The Effectiveness of Emotion-Focused Therapy on Emotional Regulation, Quality of Life, and Pain Perception in Type 2 Diabetes Patients
Bibliographic record
Abstract
Objective: Given the increasing prevalence of diabetes, researchers in the field of health and well-being have been emphasizing empirical investigations. The aim of the current research was to examine the effectiveness of emotion-focused therapy on emotion regulation, quality of life, and pain perception in patients with type 2 diabetes. Methods and Materials: This semi-experimental study employed a pretest-posttest design with a control group. The study population consisted of type 2 diabetes patients affiliated with the International Diabetes Prevention and Control Foundation in Mashhad in June 2022. The sample included 30 individuals who were selected by simple random sampling and randomly assigned to two groups: 15 in the intervention group and 15 in the control group through random allocation. The intervention group received Greenberg and Goldman (2019) emotion-focused therapy over eight sessions, each lasting 90 minutes, once a week.
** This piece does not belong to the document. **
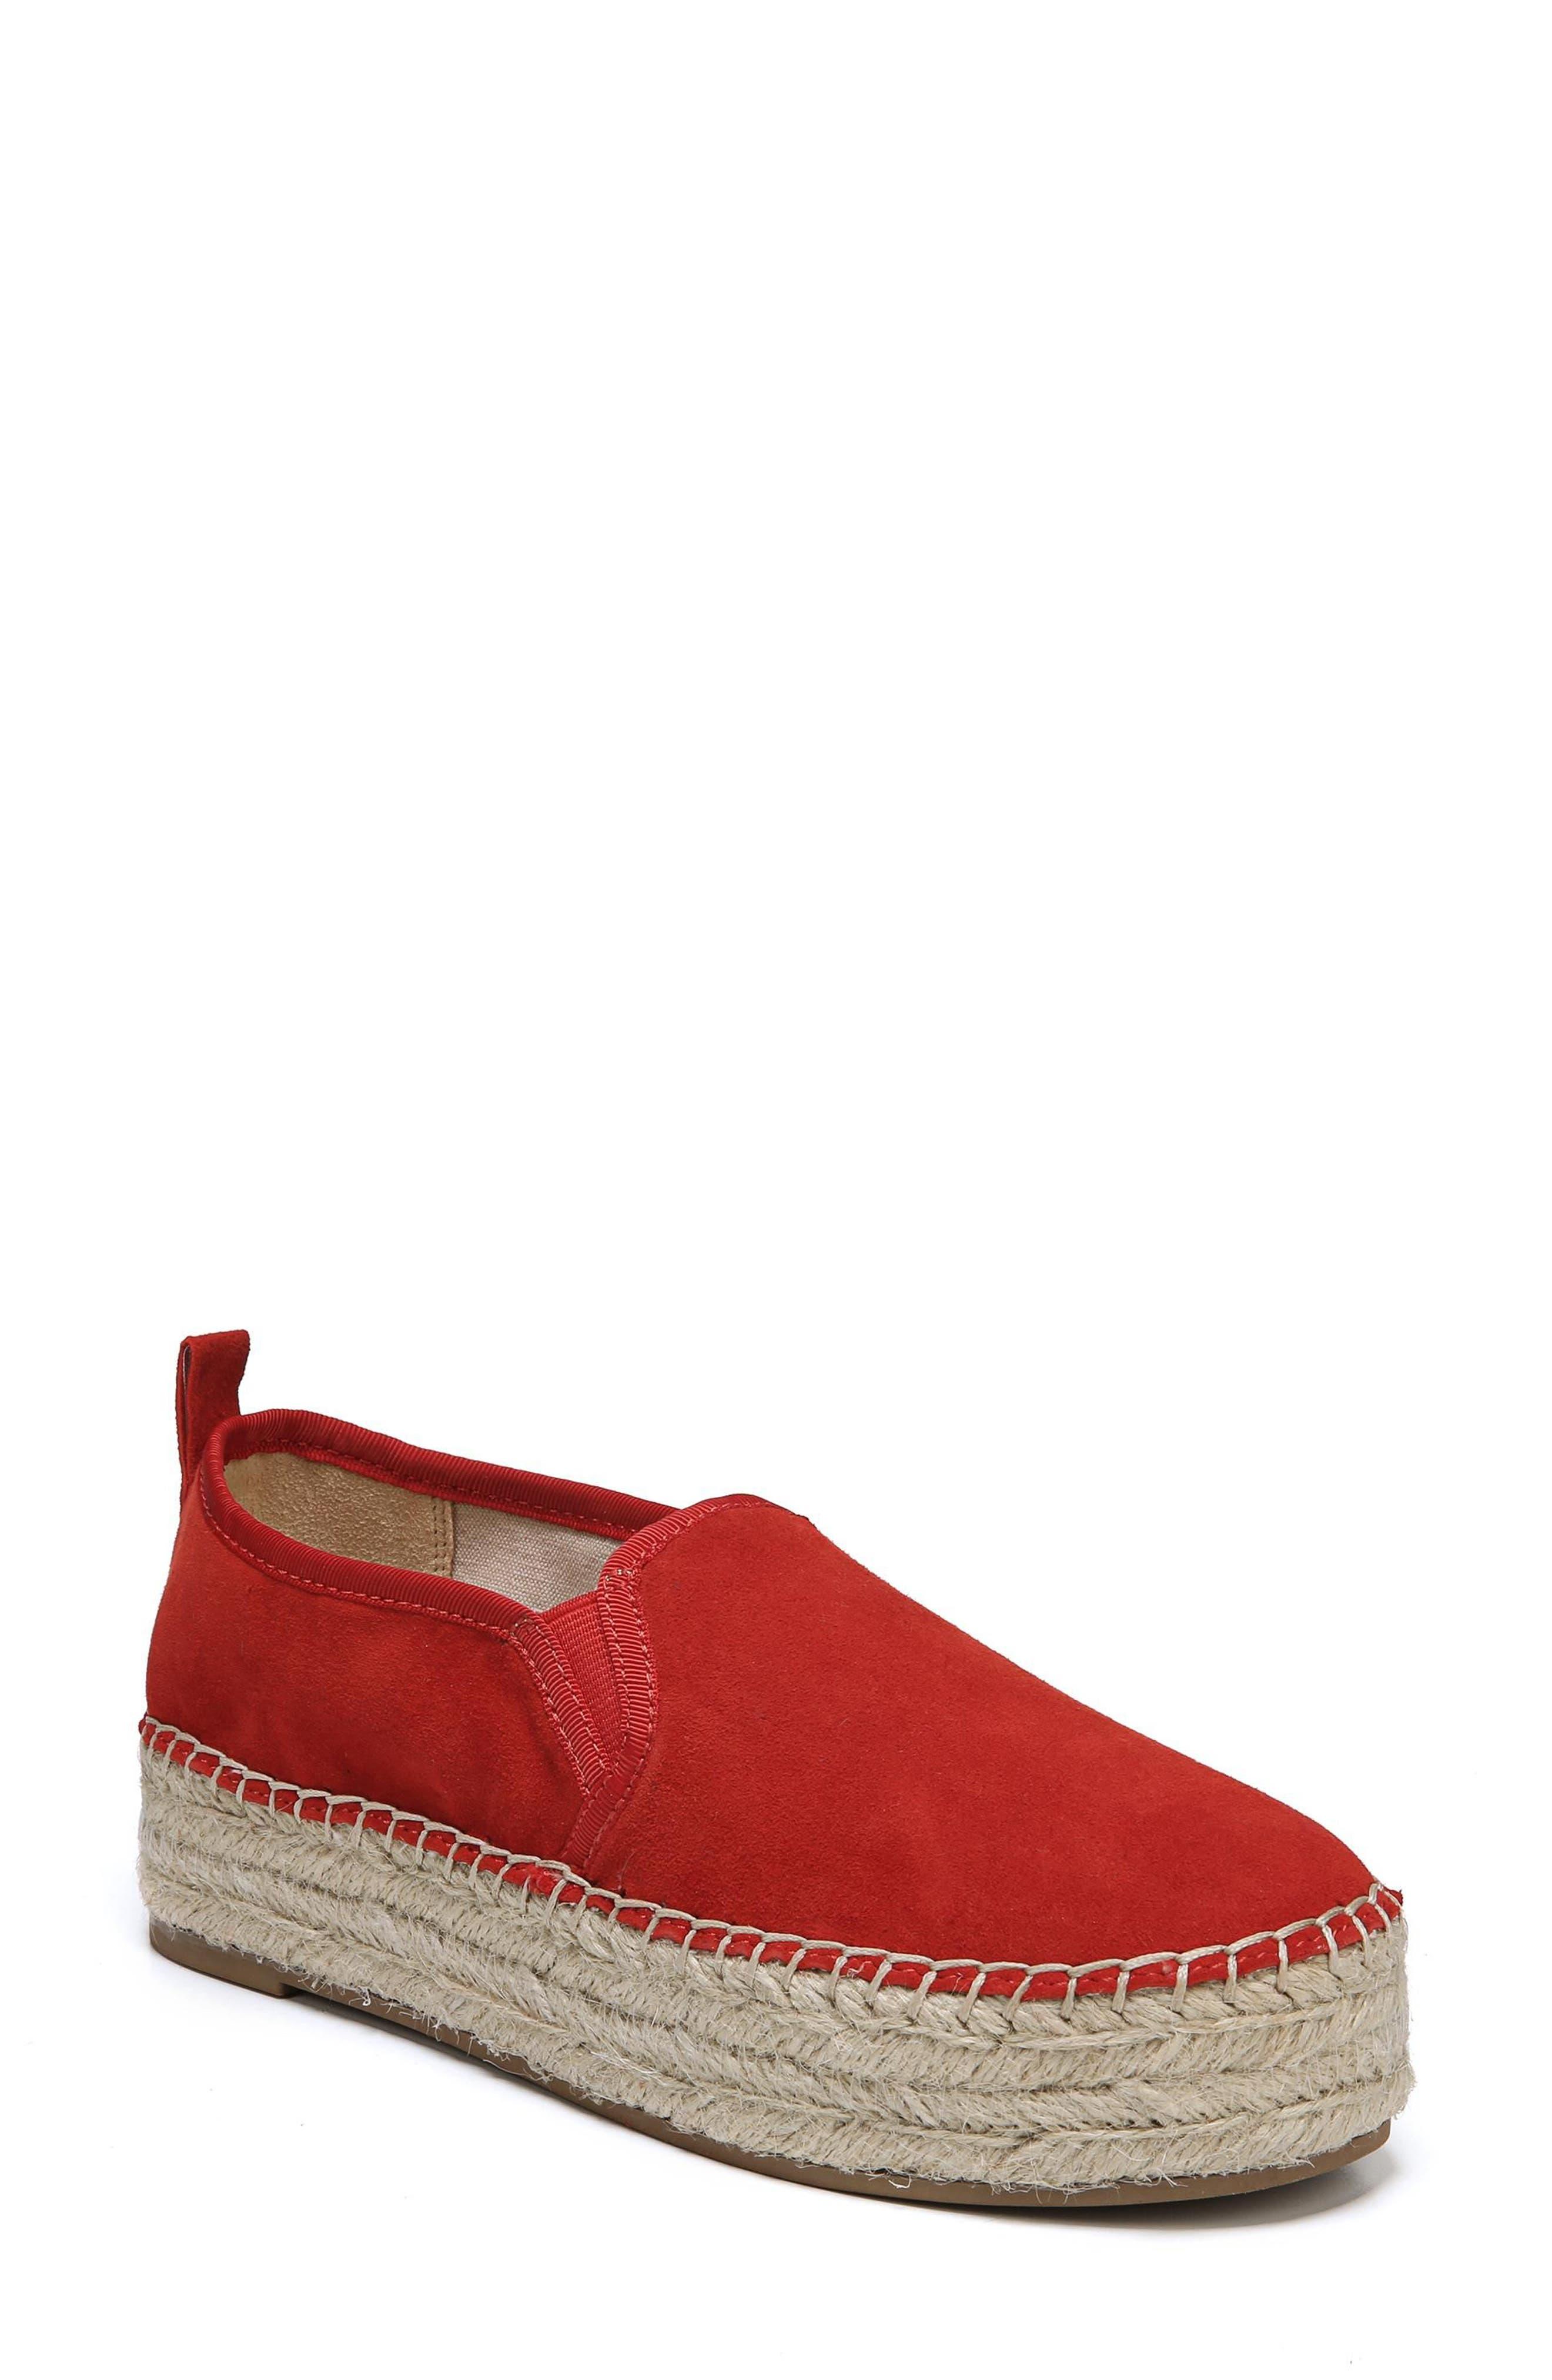 Slip on Sneakers for Women On Sale, Platinum, Leather, 2017, 4.5 5 5.5 6.5 8 8.5 Saint Laurent
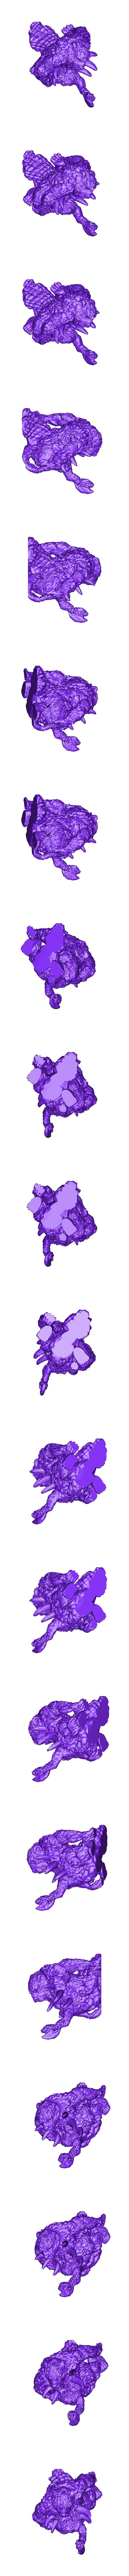 Zombeaver_Abomination.stl Download STL file Beavermancer Set • Object to 3D print, PorcSkulpt9

Data were collected using utilizing the Emotion Control Questionnaire (1997), the World Health Organization Quality of Life questionnaire, and the McGill Pain Perception Questionnaire (1997) and analyzed using multivariate analysis of covariance in SPSS version 26. Findings: The results indicated that EFT improved emotion control (P=0.000, F=32.669), quality of life (P=0.000, F=20.360), and pain perception (P=0.000, F=94.358). Conclusion: it can be concluded that emotion-focused therapy leads to increased emotion control, improved quality of life, and reduced pain perception in patients with type 2 diabetes.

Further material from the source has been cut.